Spark) spark_submit시 spark.app.id warning_ jupyterhub
jupyterhub에서 spark_submit을 하는데 warning이 뜬다. 예외처리해주면되는데, 궁금해서 알아봄
spark.app.id는 뭘까
import os, posixpath, socket
import pyspark
from pyspark.sql import SparkSession
spark = (
SparkSession.builder.appName("hgkim-spark")
.config("spark.kryoserializer.buffer.max", "1024m")
.config("spark.sql.sources.partitionOverwriteMode", "dynamic")
.master("k8s://https://172.17.***.56:6443")
.config("spark.kubernetes.container.image", "hgkim/library/spark-3.2.0-base:1.0.0-20220309")
.config("spark.kubernetes.namespace", "spark")

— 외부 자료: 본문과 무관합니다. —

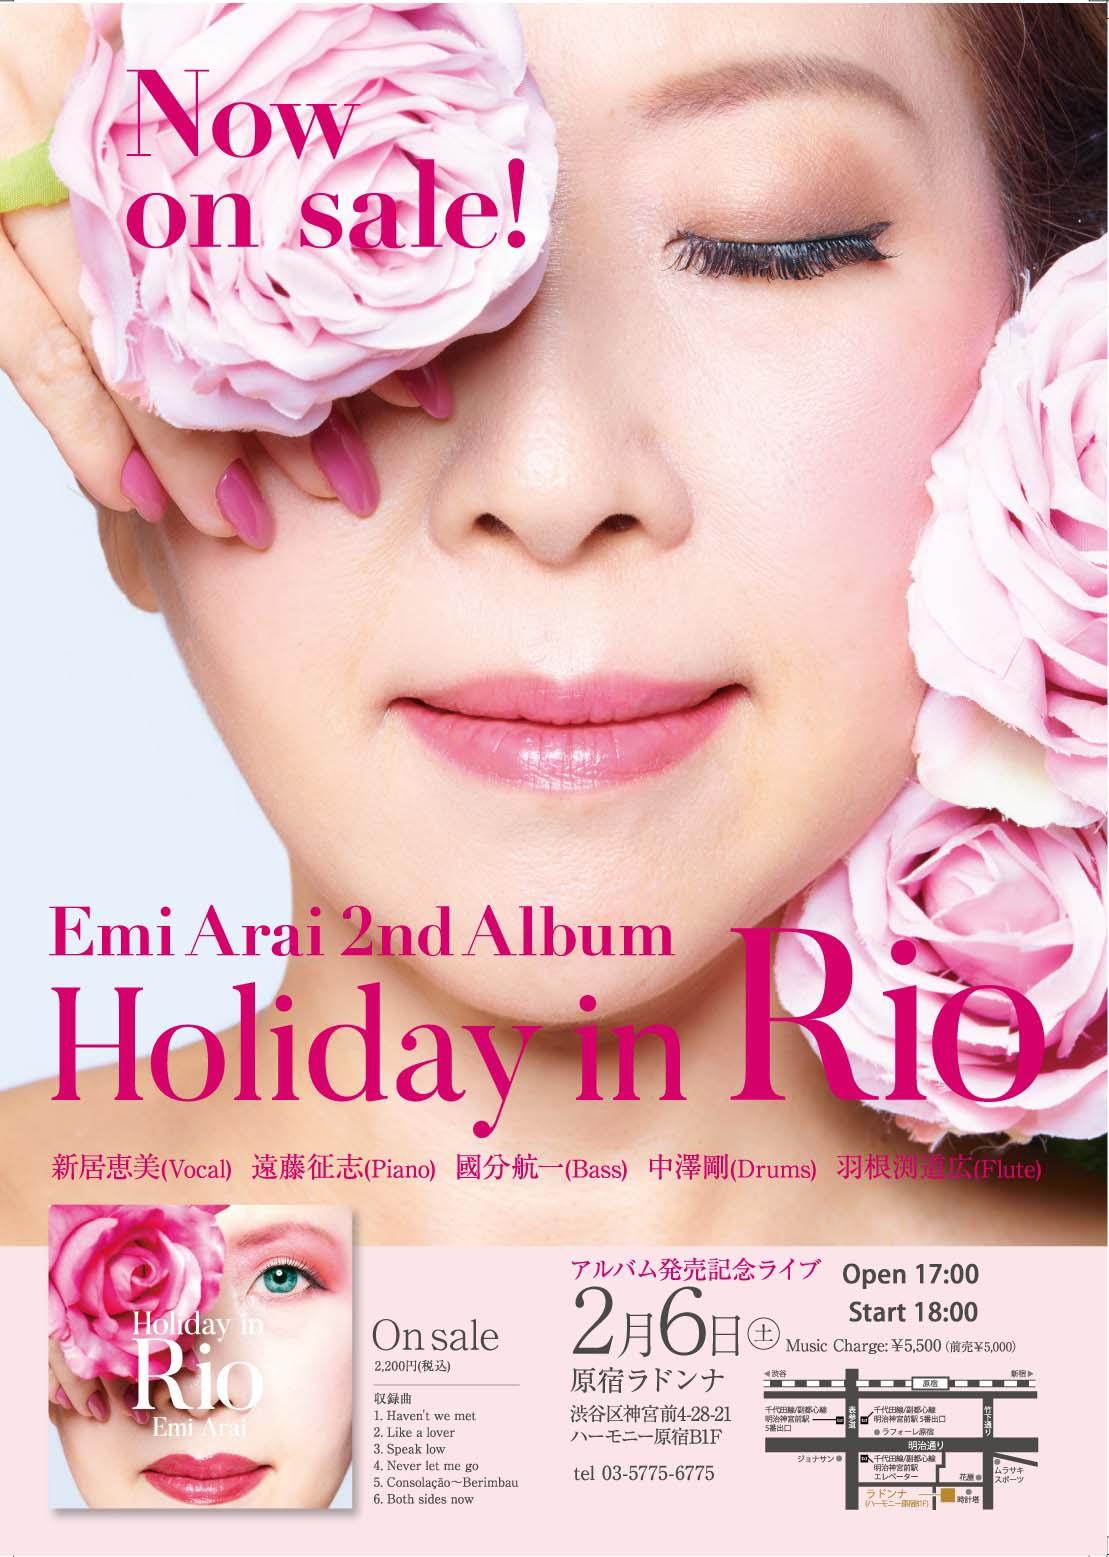 Emi Arai 2nd Album Holoday in Rio アルバム発売記念ライブ

.config("spark.kubernetes.authenticate.driver.serviceAccountName", "jupyter")
.config("spark.driver.port", "2222")
.config("spark.driver.blockManager.port", "7777")
.config("spark.driver.host", socket.gethostbyname(socket.gethostname()))
.config("spark.driver.bindAddress", "0.0.0.0")
.config("spark.driver.memory", "8g")
.config("spark.executor.instances", 5)
.config("spark.executor.memory", "32g")
.config("spark.executor.cores", 3)
.config("spark.dynamicAllocation.enabled", "false")
.getOrCreate()
)
spark.sparkContext._jsc.hadoopConfiguration().set('fs.s3a.access.key', "***-key")
spark.sparkContext._jsc.hadoopConfiguration().set('fs.s3a.secret.key', "***-key")
spark.sparkContext._jsc.hadoopConfiguration().set('fs.s3a.endpoint', "http://***.***.***.***:80")
spark.sparkContext._jsc.hadoopConfiguration().set('com.amazonaws.services.s3.enableV4', "true")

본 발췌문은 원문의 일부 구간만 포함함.